Они вдвоем прошли в комнату Вестгейта, где обнаружилось еще одно настежь открытое окно. А едва они пересекли порог, как дверь за их спиной с силой захлопнулась. Вестгейт тут же подскочил к ней, дернул за ручку и простонал:

— И эта тоже сломана! Похоже, здесь дело нечисто.

Сквозь стену до них глухо донесся голос Хамфри:

— Что там бабахнуло? Эй!

— Теперь и мы заперты!

Дверь между комнатами оказалась столь же неуступчивой, как и две другие. Вестгейт подошел к окну:

— Тут что, на всех окнах решетки?

— Да, папа боялся злоумышленников. — Эдит повысила голос: — Хамфри, над дверями есть вентиляционные отверстия. Мы можем переговариваться через них.

Они услышали, как Хамфри передвигает к двери мебель, чтобы на нее взобраться, а затем раздался его отчетливый, звенящий от ярости голос:

— Если вы думаете, что я буду это терпеть… Если вы думаете, что я не понимаю…

— Хамфри, мы в таком же положении, что и ты.

— Тогда кто это подстроил? Двери не запираются сами собой.

— Похоже, это проделки эскимоса.

— Попробуй позвонить слугам, Хамфри, — сказала Эдит. — Я здесь уже пробовала, но звонок, видимо, не работает.

Вестгейт сел и принялся размышлять вслух:

— Кто-то хотел, чтобы мы до утра оставались запертыми в своих комнатах. Пока это все, что я могу сказать.

— А я хочу знать, чем вы там занимаетесь, — заявил Хамфри.

— О, мы танцуем, тесно прижавшись друг к другу, — раздраженно откликнулся Вестгейт. — Под новомодную песенку под названием «Поскорее сдохни». Ты ее слышал?

— Я к тому, о чем вы там говорите между собой? Надеюсь, ты не пытаешься ей внушить…

— Ты же слышишь каждое наше слово.

— Я бы не назвал это слушанием.

— А как иначе назвать процесс, когда человек воспринимает звуки ушами?

— Но для этого мне приходится стоять на стуле, который стоит на кушетке…

— Насчет кушеток и стульев я никаких обещаний не давал.

— Тише! — вдруг прошипела Эдит. — За дверью кто-то есть, но шаги очень тихие.

— Эй, вы! — крикнул Вестгейт. — Кто там в коридоре? Помогите нам отсюда выбраться!

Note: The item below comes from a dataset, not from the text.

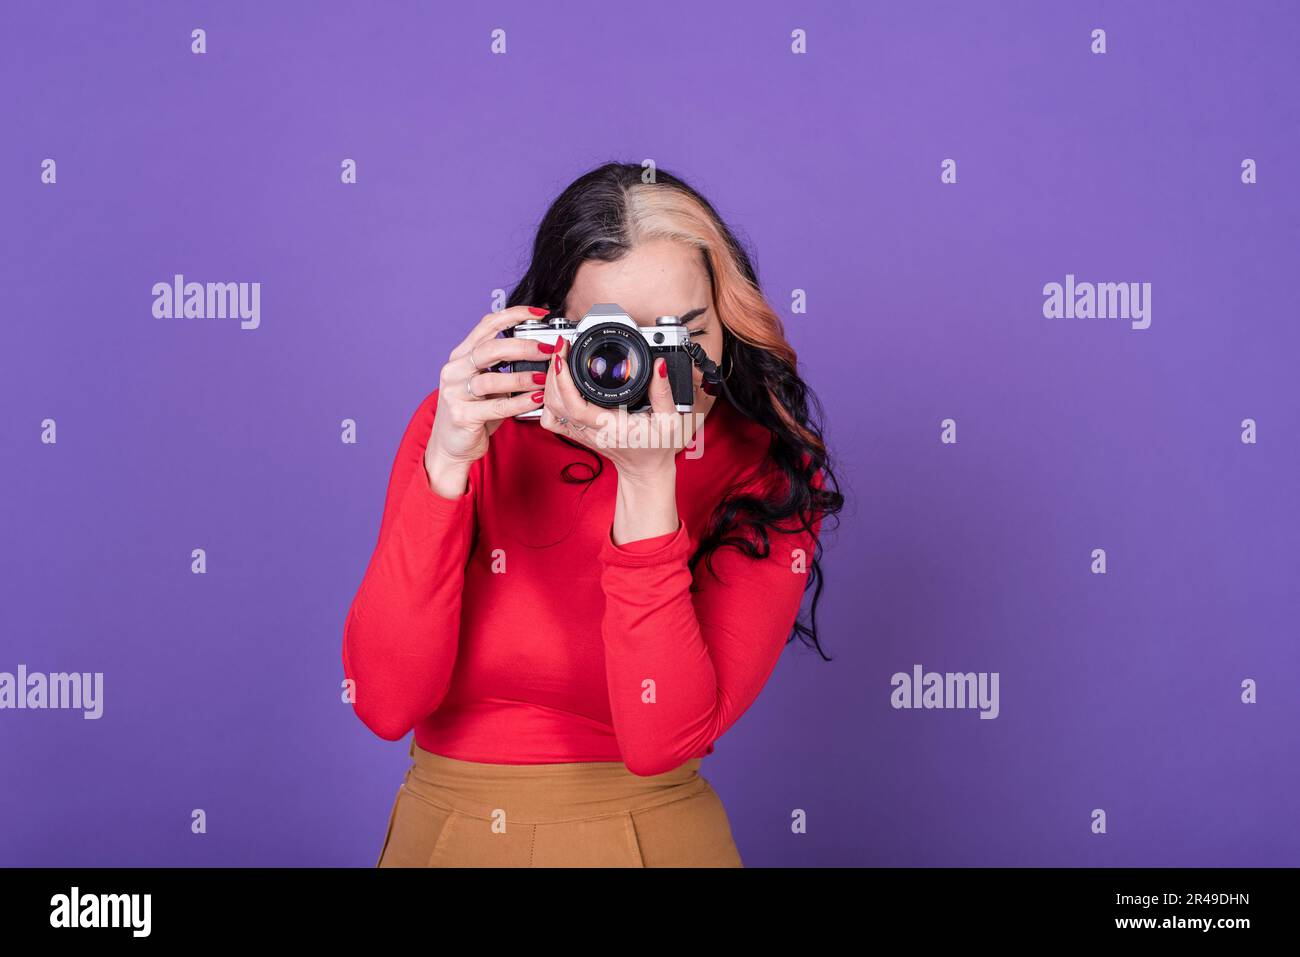 Attractive young lady taking a photo with her film camera over a violet background.  Studio shot. Stock Photo

Ответа не последовало, но звуки шагов приближались. Они невольно вздрогнули, когда дверная ручка медленно повернулась и затем возвратилась в исходное положение.

— Кто там есть? — крикнул Вестгейт. — Руки вверх, или я буду стрелять!

Поскольку он не имел оружия — как не имел и возможности убедиться, выполнен или нет его приказ насчет поднятия рук, — угроза прозвучала слишком театрально. Звуки шагов начали удаляться и вскоре смолкли.

— Что ж, если это был грабитель, он, по крайней мере, не сможет добраться до… — Тут Вестгейт осекся. — А где мой фрак? Я же дал его тебе.

— Твой фрак! — вскричала Эдит. — Я уронила его на пол в коридоре.

Вестгейт сел и начал насвистывать какую-то мелодию.

— Что там за звуки? — крикнул Хамфри.

— Передай ему, что это начальные такты «Помилуй меня, Боже».


Следующий час прошел в тишине, лишь изредка прерываемой осипшим голосом из вентиляционного отверстия:

— Вы там не шепчетесь?

— Нет!

— Это нечестно, что я должен все время стоять тут наверху.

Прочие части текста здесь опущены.